Question

In the given figure the value of x is?

(a) ${{30}^{\circ }}$
(b) ${{10}^{\circ }}$
(c) ${{20}^{\circ }}$
(d) ${{40}^{\circ }}$

Answer 1

Hint: Consider the horizontal line as a straight line and use the fact that ‘the sum of all the angles formed on a straight line is equal to 180 degrees’. Add the three angles and equate them with 180 degrees to form a linear expression in x. Solve for the value of x to get the answer.

Complete step by step answer:
Here we have been provided with the figure shown below where we have three angles formed on a straight line and we are asked to find the value of x.

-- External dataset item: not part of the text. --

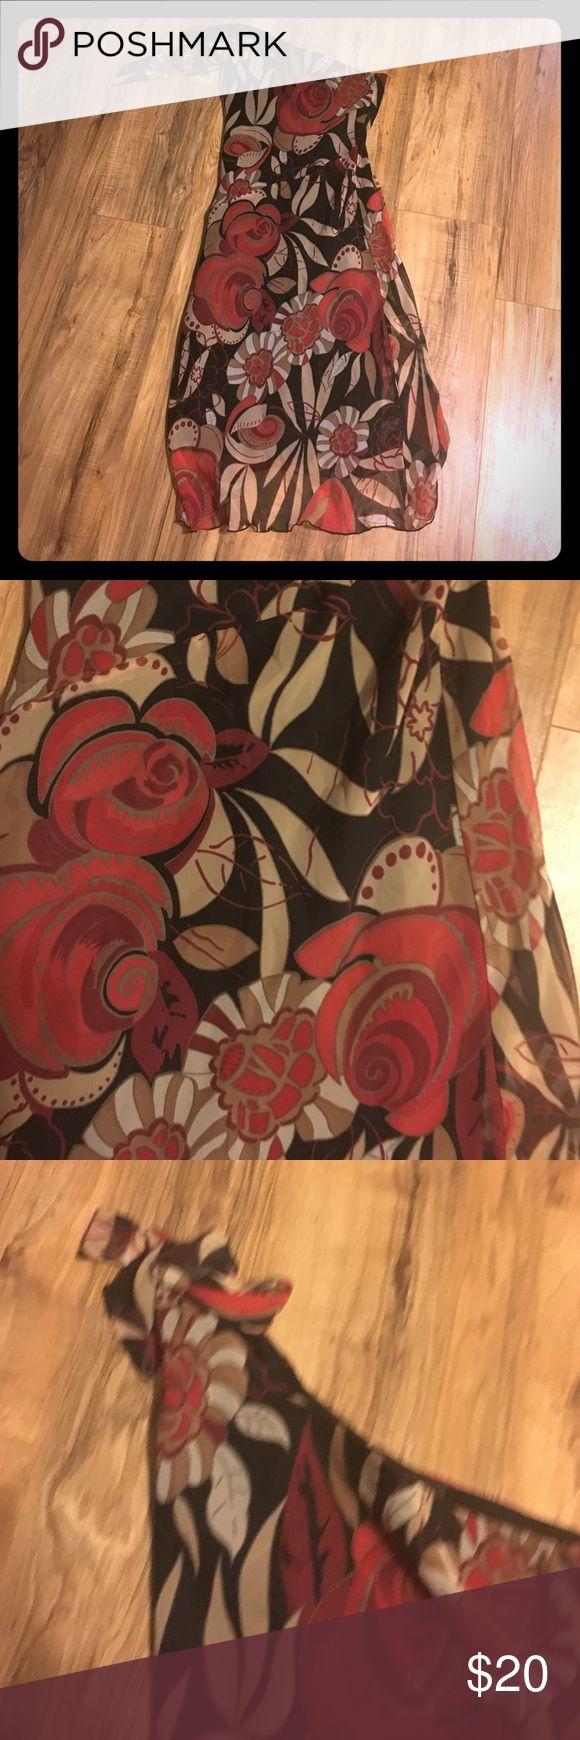 One strap dress Black and red floral print midi dress Dresses One Shoulder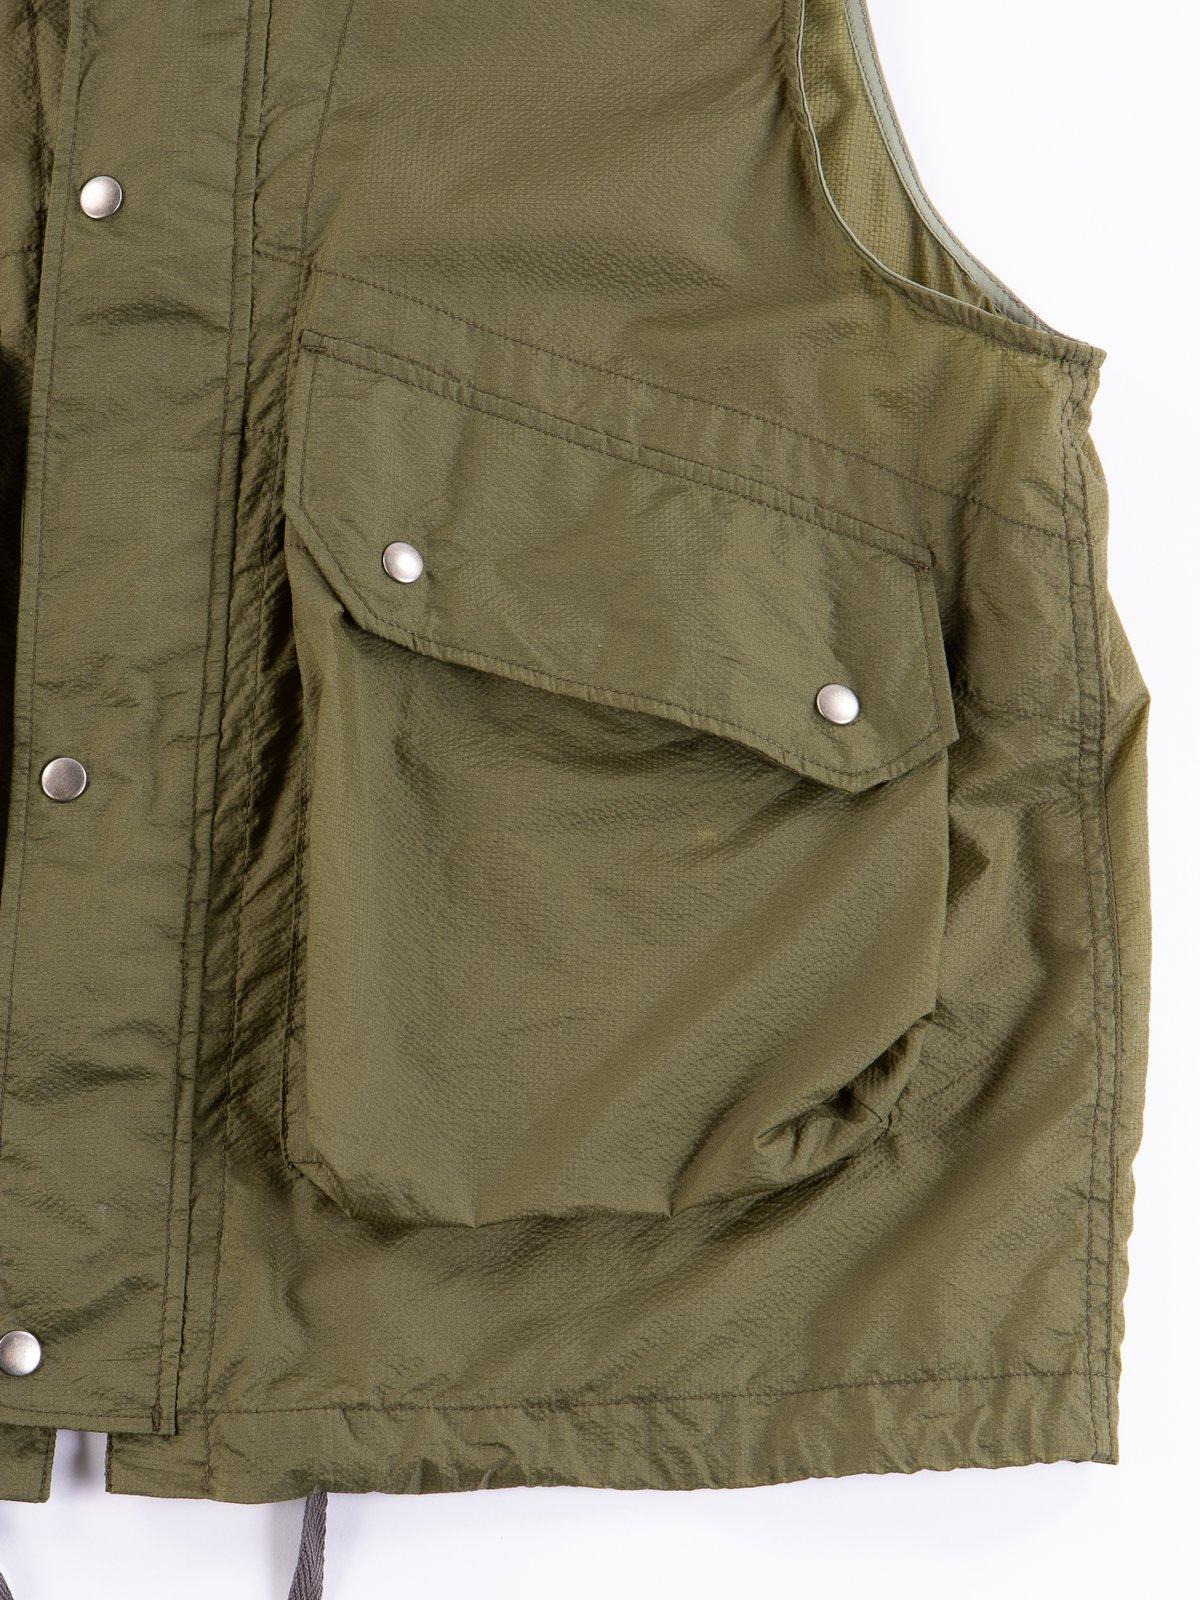 Olive Nylon Micro Ripstop Field Vest - Image 4

Now, we know that the angle of a straight line is equal to 180 degrees. So if we form several angles on a straight line then their sum must be equal to the total measure of the angle of the straight line, i.e. 180 degree. In the figure we have three angles formed on the horizontal straight line, so we get,
$\begin{align}
  & \Rightarrow 2x+{{40}^{\circ }}+5x={{180}^{\circ }} \\
 & \Rightarrow 7x={{140}^{\circ }} \\
 & \therefore x=20 \\
\end{align}$
So, the correct answer is “Option c”.

Note: Note that you can roughly say that the three angles are forming a linear pair, although they are not a pair because a pair contains two angles. If you combine two angles to consider them as a single unit and leave the third one alone then you can say they are a linear pair. The sum of angles in a linear pair is always equal to 180 degrees hence they can be called a supplementary angle, however the converse is not true.